As filed with the Securities and Exchange Commission on December 17, 2018

Registration No. 333-144315

 

 

 

UNITED STATES

SECURITIES AND EXCHANGE COMMISSION

Washington, D.C. 20549

 

 

POST-EFFECTIVE AMENDMENT NO. 1 TO

FORM S-8

REGISTRATION STATEMENT

UNDER

THE SECURITIES ACT OF 1933

 

 

SPECTRA ENERGY PARTNERS, LP

(Exact Name of Registrant as Specified in its Charter)

 

 

 

Delaware   41-2232463
(State of Incorporation)   (I.R.S. Employer Identification Number)

5400 Westheimer Court

Houston, Texas 77056

(Address of Principal Executive Offices)

Spectra Energy Partners, LP

Long-Term Incentive Plan

(Full Title of the Plan)

Kelly L. Gray

Corporate Secretary

Spectra Energy Partners, LP

5400 Westheimer Court

Houston, Texas 77056

(713) 627-5400

(Name, Address and Telephone Number, Including Area Code, of Agent for Service)

 

 

Indicate by check mark whether the registrant is a large accelerated filer, an accelerated filer, a non-accelerated filer, a smaller reporting company, or an emerging growth company. See the definitions of “large accelerated filer,” “accelerated filer,” “smaller reporting company,” and “emerging growth company” in Rule 12b-2 of the Exchange Act.

 

Large accelerated filer      Accelerated filer  
Non-accelerated filer      Smaller reporting company  
     Emerging growth company  

If an emerging growth company, indicate by check mark if the registrant has elected not to use the extended transition period for complying with any new or revised financial accounting standards provided pursuant to Section 7(a)(2)(B) of the Securities Act.  ☐

 

 

 


DEREGISTRATION OF UNSOLD SECURITIES

This Post-Effective Amendment No. 1 to the Registration Statement on Form S-8 filed on July 2, 2007 (File No. 333-144315) (the “Registration Statement”) is being filed for the sole purpose of removing from registration any of the registrant’s unsold common units (“Common Units”) and any related plan interests previously registered under the foregoing Registration Statement that may have been issuable pursuant to the Spectra Energy Partners, LP Long-Term Incentive Plan (the “Plan”), if any.

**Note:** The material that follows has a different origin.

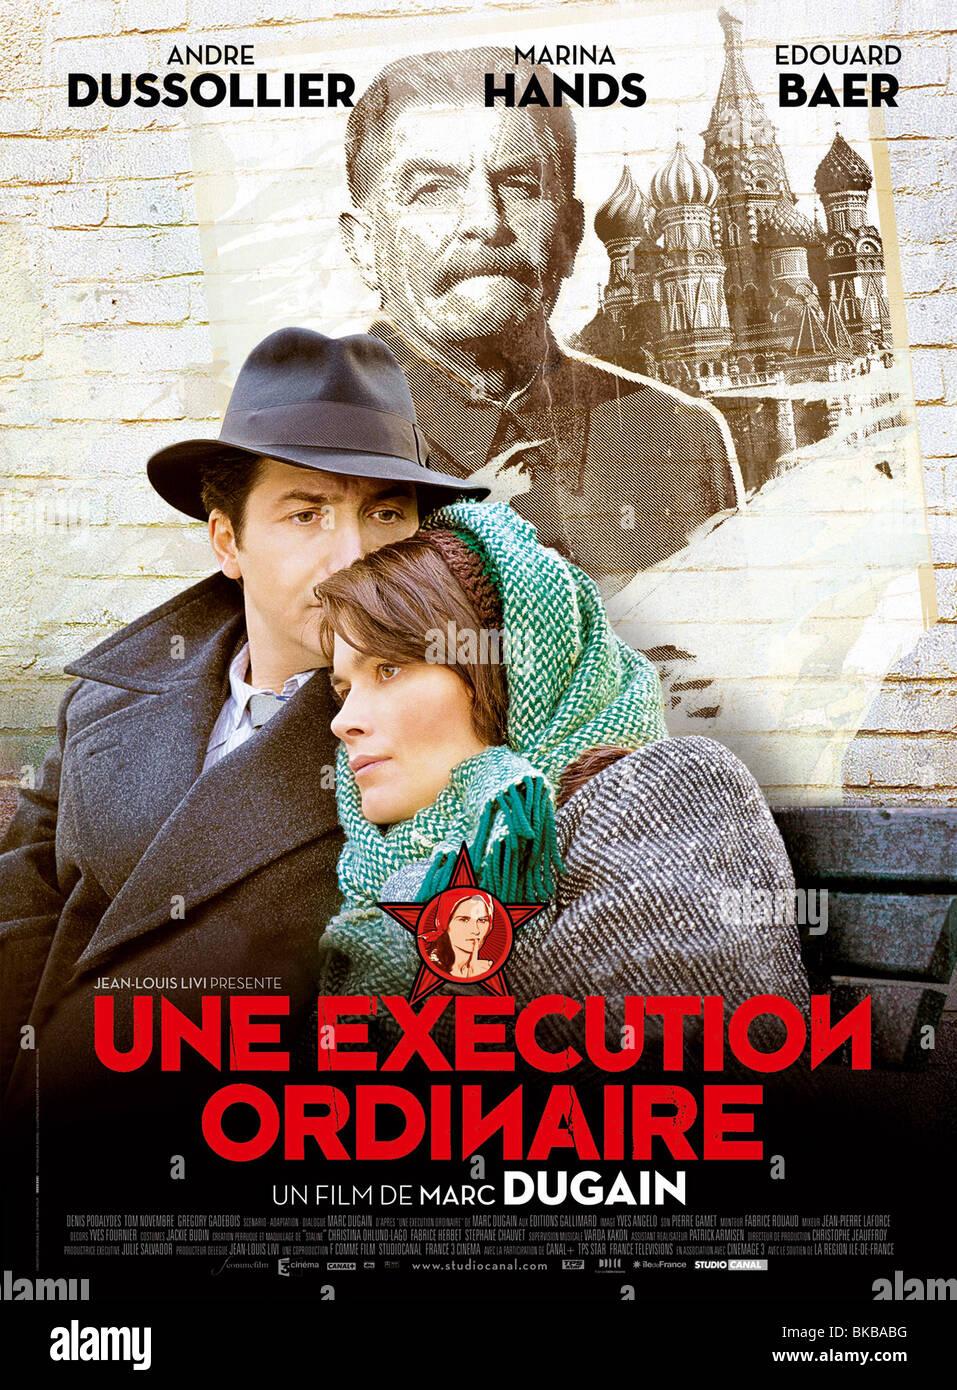 Une exécution ordinaire Anno : 2010 Direttore : Marc Dugain Eduard Baer, Marina mani poster del filmato (Fr) Immagini Stock

On December 17, 2018, pursuant to the Agreement and Plan of Merger, dated as of August 24, 2018, by and among the registrant, Spectra Energy Partners (DE) GP, LP, Enbridge Inc. (“Enbridge”), Enbridge (U.S.) Inc., Autumn Acquisition Sub, LLC (“Merger Sub”), and, solely for the purposes of Article I, Article II and Article XI, Enbridge US Holdings Inc., Spectra Energy Corp, Spectra Energy Capital, LLC and Spectra Energy Transmission, LLC, Merger Sub merged with and into the registrant, with the registrant continuing as the surviving entity and an indirect, wholly owned subsidiary of Enbridge (the “Merger”). As a result of the Merger, any offering pursuant to the Registration Statement has been terminated.

In accordance with the undertakings made by the registrant in the foregoing Registration Statement to remove from registration, by means of a post-effective amendment, any of the securities that had been registered for issuance that remain unsold at the termination of the offering, the registrant hereby removes from registration all such securities registered with respect to the Plan which remain unsold and unissued under the foregoing Registration Statement in connection therewith as of the date hereof.


SIGNATURES

Pursuant to the requirements of the Securities Act of 1933, as amended, the registrant certifies that it has reasonable grounds to believe that it meets all of the requirements for filing on Form S-8 and has duly caused this Post-Effective Amendment No. 1 to the Registration Statement to be signed on its behalf by the undersigned, thereunto duly authorized, in the City of Houston, State of Texas, on this 17th day of December, 2018.

 

SPECTRA ENERGY PARTNERS, LP

 

BY:  SPECTRA ENERGY PARTNERS (DE) GP, LP,

        its General Partner

 

BY:  SPECTRA ENERGY PARTNERS GP, LLC,

        its General Partner

By:   /s/ Stephen J. Neyland
  Stephen J. Neyland
  Vice President-Finance
  (Duly Authorized Officer)

Note: No other person is required to sign this Post-Effective Amendment to the Registration Statement on Form S-8 in reliance upon Rule 478 under the Securities Act of 1933, as amended.